The belief that the law is being used (or rather, abused) as a weapon to advance a political doctrine that has failed to win support at the polls has taken root across diverse segments of Israeli society.
(JNS) “In Israel, the negative impact of the judicialization of politics on the Supreme Court’s legitimacy is already beginning to show its mark. Over the past decade, the public image of the Supreme Court as an autonomous and impartial arbiter has been increasingly eroded … as political arrangements and public policies agreed upon in majoritarian decision-making arenas are likely to be reviewed by an often hostile Supreme Court. As a result, the court and its judges are increasingly viewed by a considerable portion of the Israeli public as pushing forward their own political agenda ... .” — Professor Ran Hirschl, “Towards Juristocracy,” Harvard University Press, 2004
I admit that I have used this citation from Hirschl’s book to introduce several previous articles on Israel’s legal establishment. However, I have little qualms in reusing it here—as it has lost of none of its past pertinence. If anything, quite the opposite is true.
Last week was a momentous, indeed tumultuous, week, with potentially far-reaching ramifications for Israel’s law enforcement establishment in general, and the judiciary, in particular.
On May 3 and May 4, a panel of 11 Supreme Court justices convened for a televised broadcast to rule on petitions to disqualify indicted Israeli Prime Minister Benjamin Netanyahu from being assigned the task of constituting the next government coalition, and to invalidate the Likud/Blue and White agreement as to the future mode of functioning of that joint coalition.
Although overall it was conducted in a general atmosphere of restrained respectability, the hearing exuded a discernible aura heralding that perceptible changes in the long-existing societal power structure in Israel were in the air.

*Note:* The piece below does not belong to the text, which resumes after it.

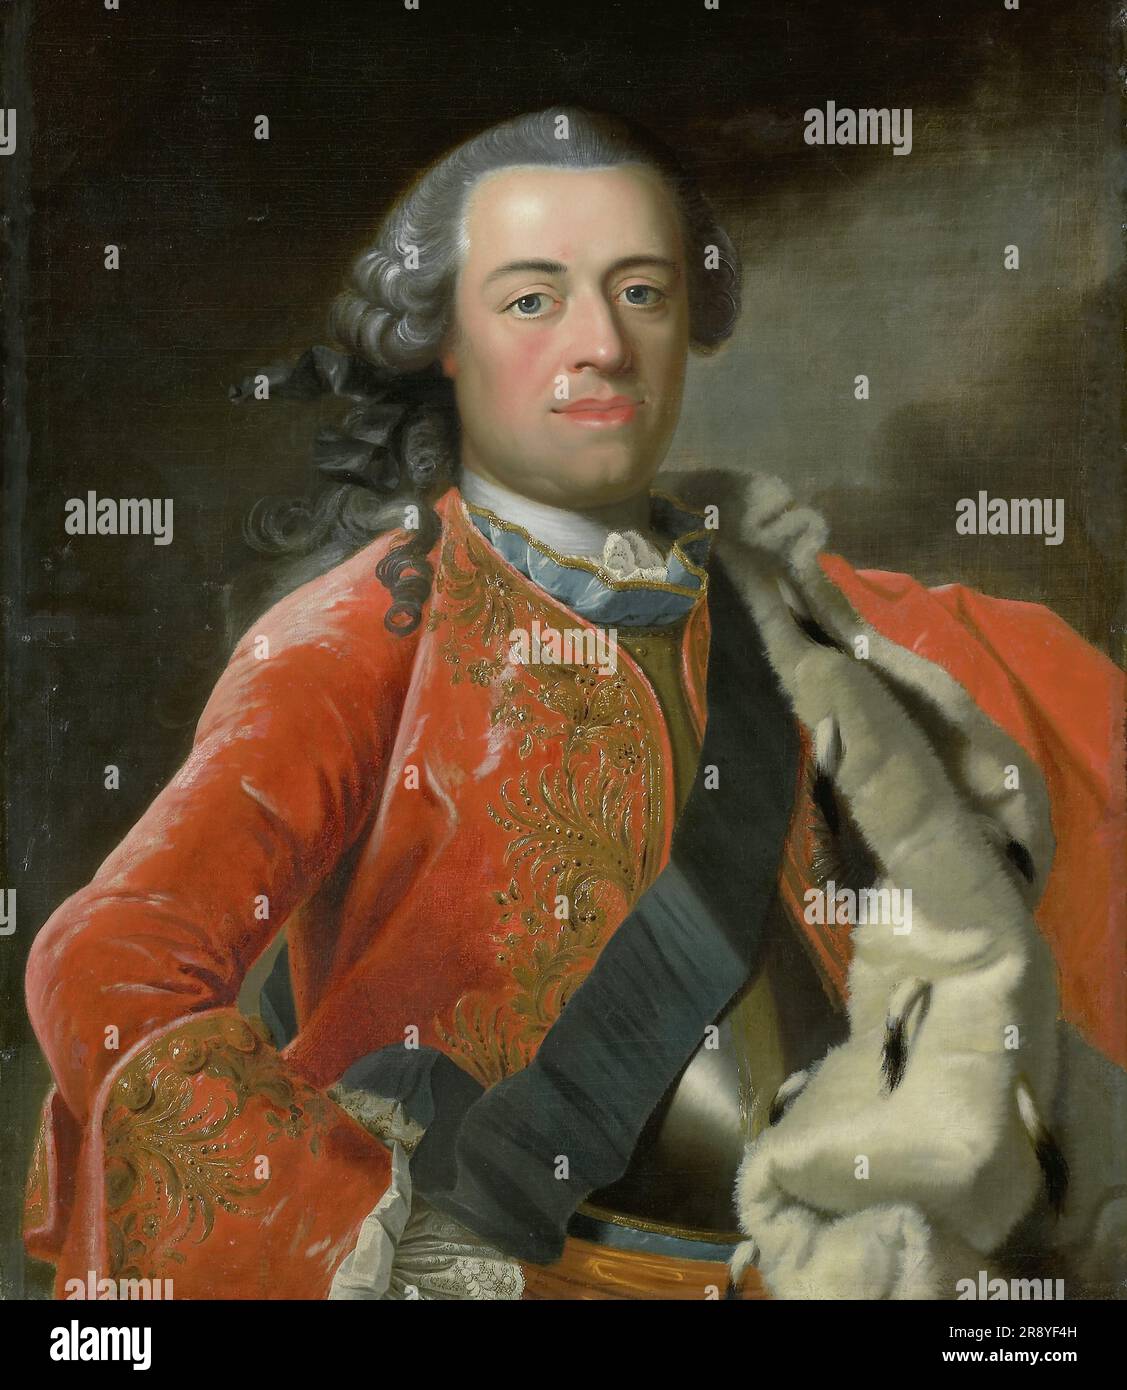 Portrait of William IV, Prince of Orange, c.1750. Stock Photo

Commenting on the televised proceedings, the vehemently Bibiphobic journalist, Anshel Pfeffer, of the far-left daily Haaretz, wrote: “… the judicial bonhomie could barely hide the fact that the justices knew they are fighting for their very legitimacy … .”
True, on the night of May 6, all 11 justices ruled unanimously that Netanyahu was, in fact, eligible to form the next government, and apart from some perfunctory remarks of displeasure on several clauses in the coalition agreement, they elected to refrain from any robust initiatives to mandate far-reaching changes in it. However, despite this, hardly any seasoned observer of the machinations of Israeli politics could fail to detect a palpable sense of growing recognition that the decades of judicial overreach were testing the limits of public patience, as well as judicial intrusion into the realm of politics is being perceived as increasingly unacceptable. But more on that later.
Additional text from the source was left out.